Yeah, you only have to worry about linux.

>> I abandoned the -o namespace to POSIX a
>> long time ago, and there is still an effort to standardize pipefail as
>> `-o pipefail', so I'm leaving it there. I originally made it a -o option so
>> we could try and standardize it, and that reasoning is still relevant.
> 
> It's a pity posix is moribund.

It's not dead, just slow.

https://www.austingroupbugs.net/view.php?id=789

So we started talking about this in some official proposed way in 2013,
continued sporadically until 2018, decided on some official text to add
to the standard in September, 2018, and it will be in the next major
revision of Posix, issue 8.

 I mentioned the fact pipefail had been picked up
> by multiple other shells in the toybox talk I did 7 years ago:

Bash wasn't the first shell to have it. I didn't add it until 2003, after
a discussion with David Korn (the aforementioned Posix standardization
effort).

>>> ----------
>>> Usage: sh [--LONG] [-ilrsD] [-abefhkmnptuvxBCHP] [-c CMD] [-O OPT] [SCRIPT] ...

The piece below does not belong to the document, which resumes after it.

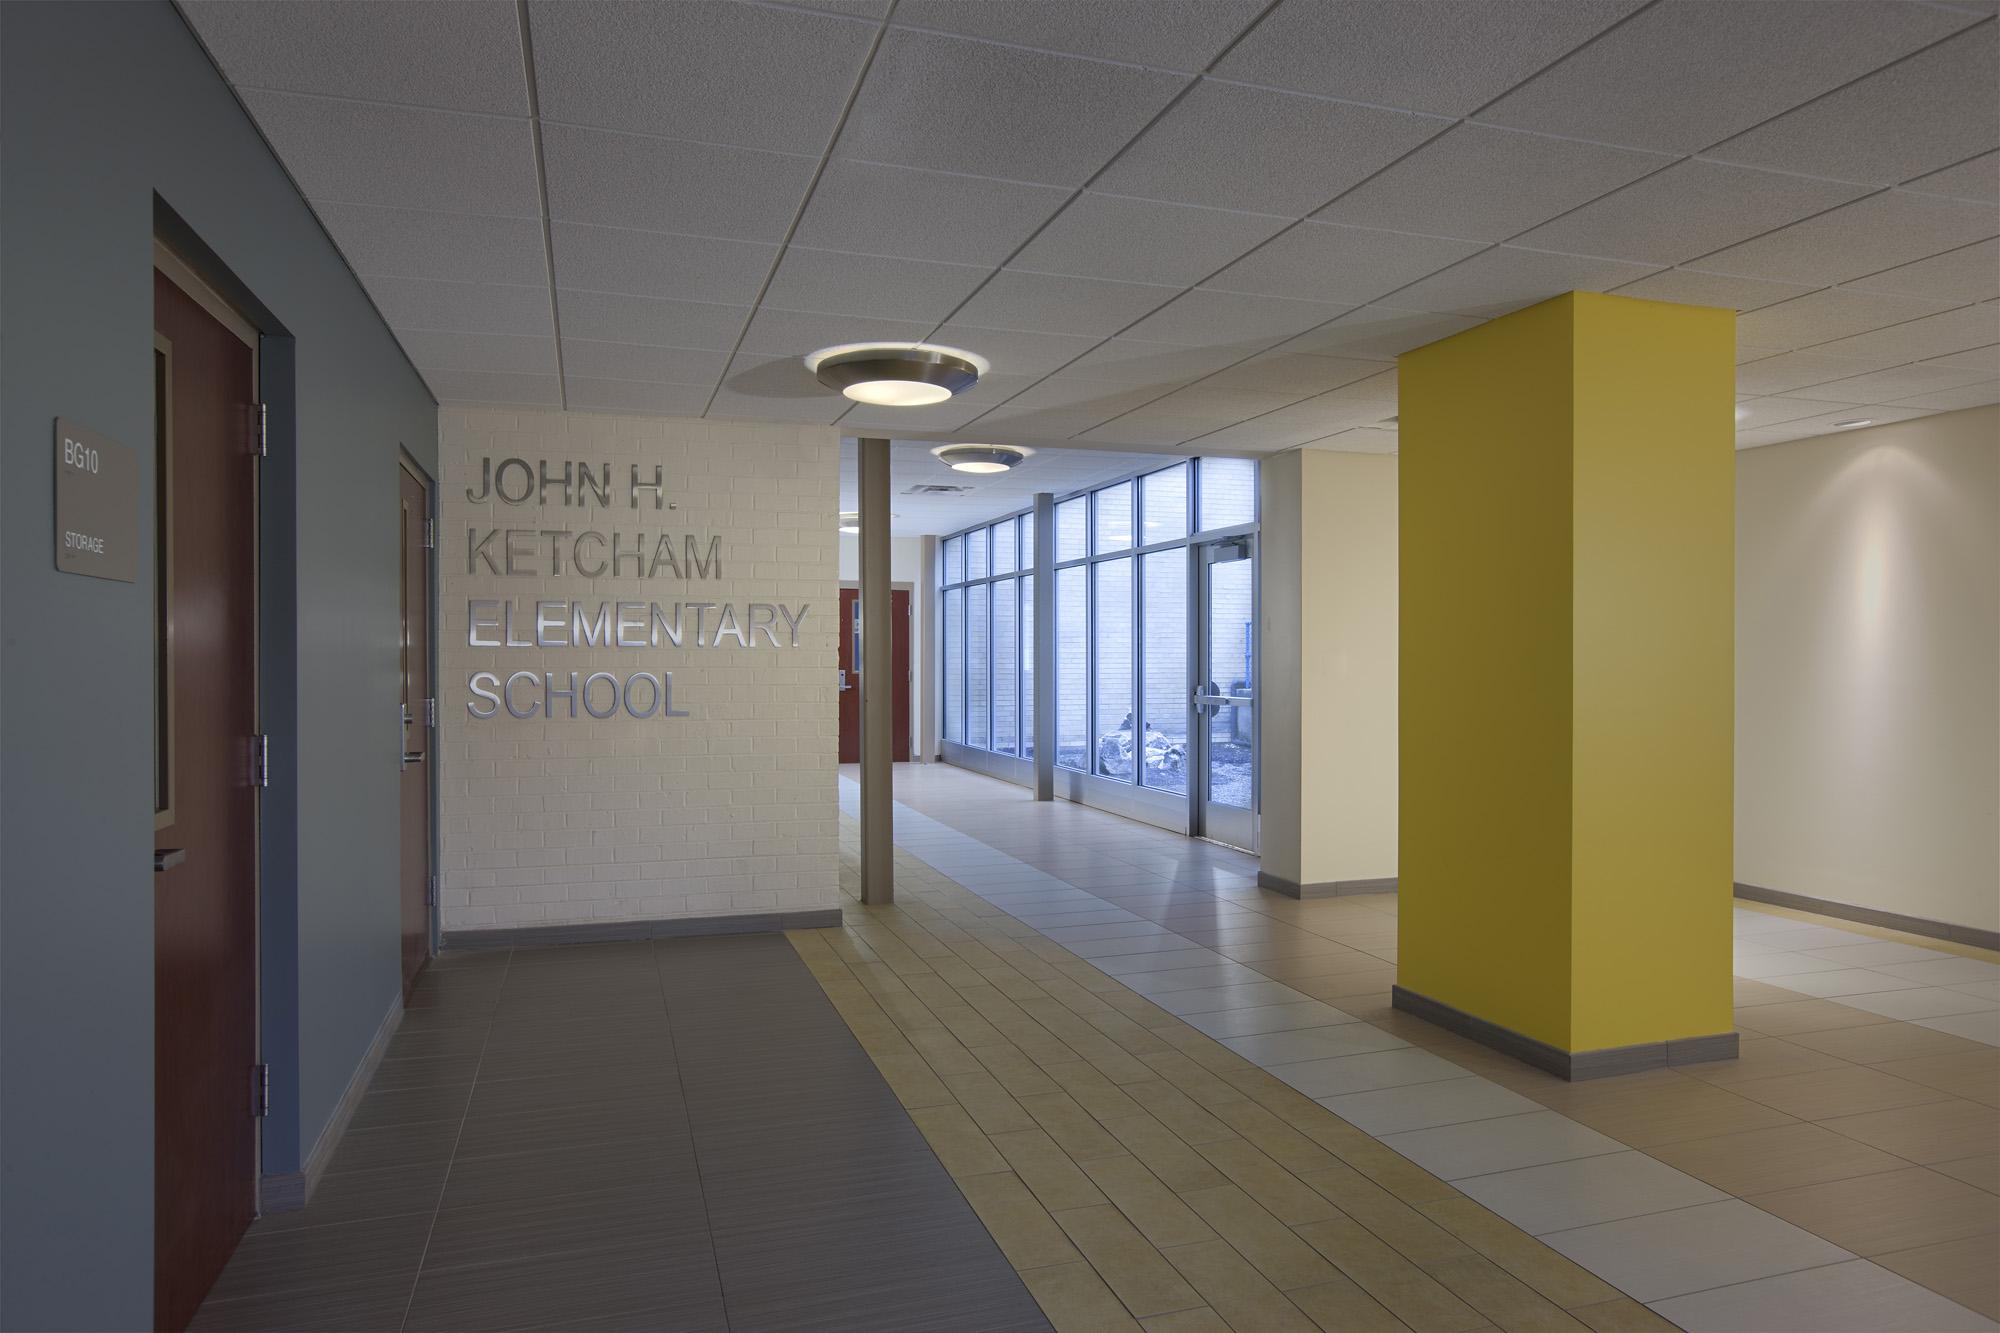 Interior Image of Ketcham Elementary School-139794.jpg

You're missing `-o option'.


>>> Do you really need to document --help in the --help text? 
>>
>> Why not? It's one of the valid long options.
> 
> Lack of space. I was trying to squeeze one less line out of the output. :)

Believe me, if it were not there, someone would complain about its absence.
There are a few things that remain undocumented, and I get crap about them
as regular as clockwork.


>> The bash man page does
>>> not include the string "--debug" (it has --debugger but not --debug), 
>>
>> It's just shorthand for the benefit of bashdb.
> 
>   $ help bashdb
>   bash: help: no help topics match `bashdb'.  Try `help help' or `man -k bashdb'
>   or `info bashdb'.
>   $ man -k bashdb
>   bashdb: nothing appropriate.
>   $ man bash | grep bashdb
>   $
> 
> google... huh, it's a sourceforge package.

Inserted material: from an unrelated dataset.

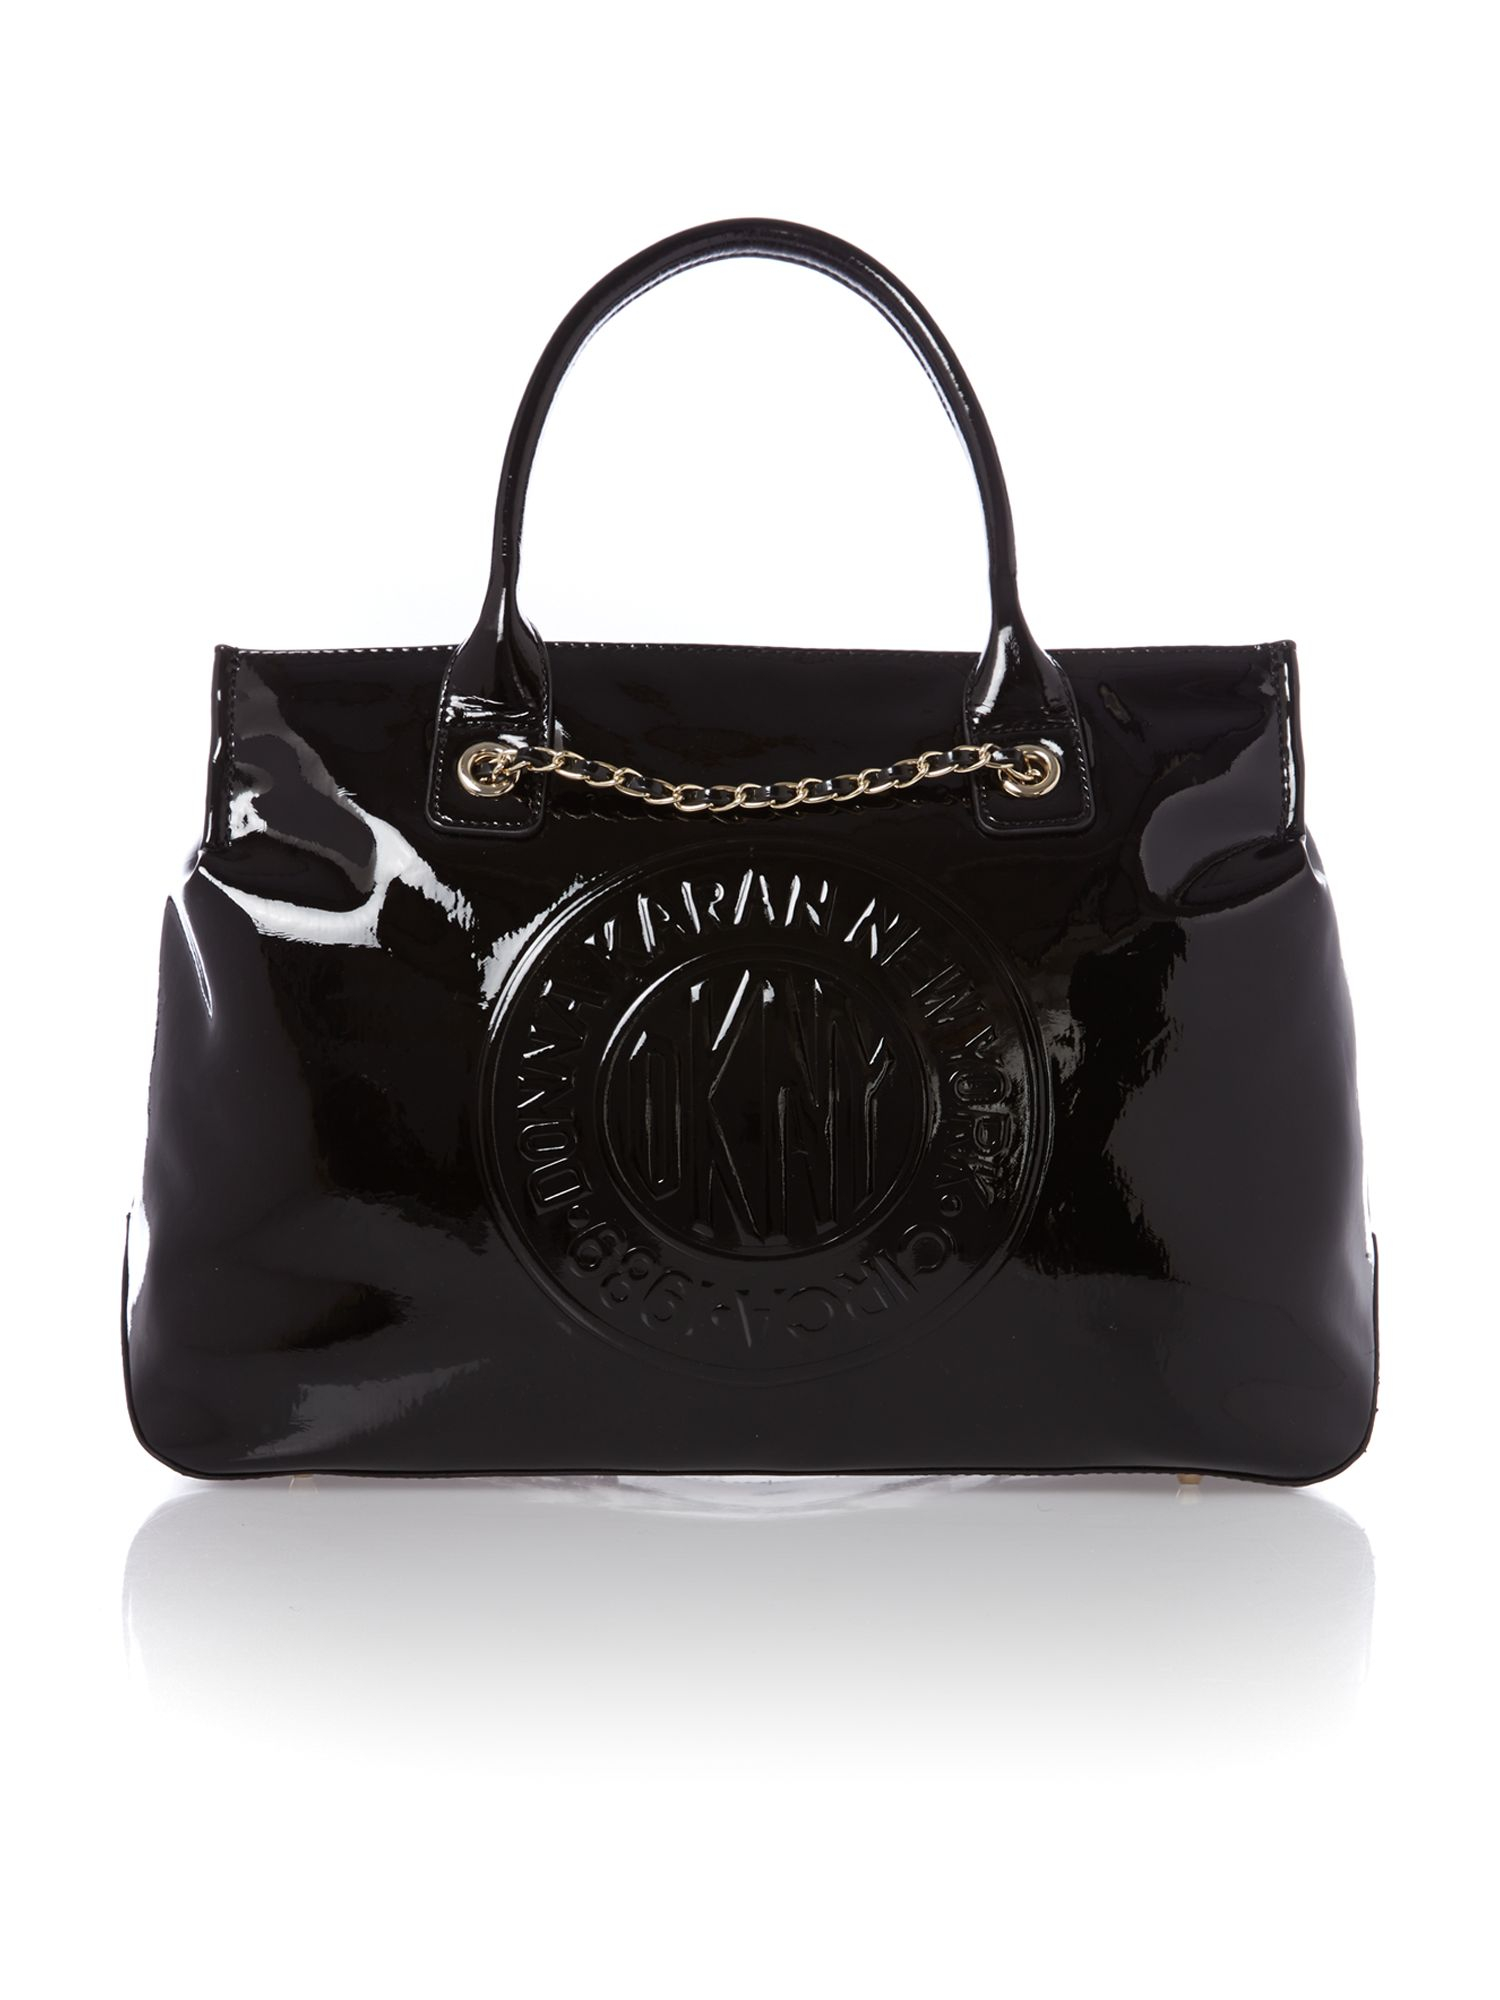 dkny patent black tote bag in black lyst

It's the source of most of the bash debugging support. Rocky started out
distributing patches, but I folded most of the features into the mainline
source. It's a nifty little bit of work.

> 
> I'm not sure how I'd have divined the existence of the sourceforge package from
> the --debug option in the help output (which didn't make an obvious behavior
> difference when I tried it), but I often miss things...

The debugging support exists independently of bashdb, and can be used
without it. Bashdb is just the biggest customer, and the origin of the
features. The `debugger profile' in the documentation is the bashdb
driver script. Try running `bash --debugger' sometime, you might like it.
Assuming, of course, your vendor has installed bashdb in the right place.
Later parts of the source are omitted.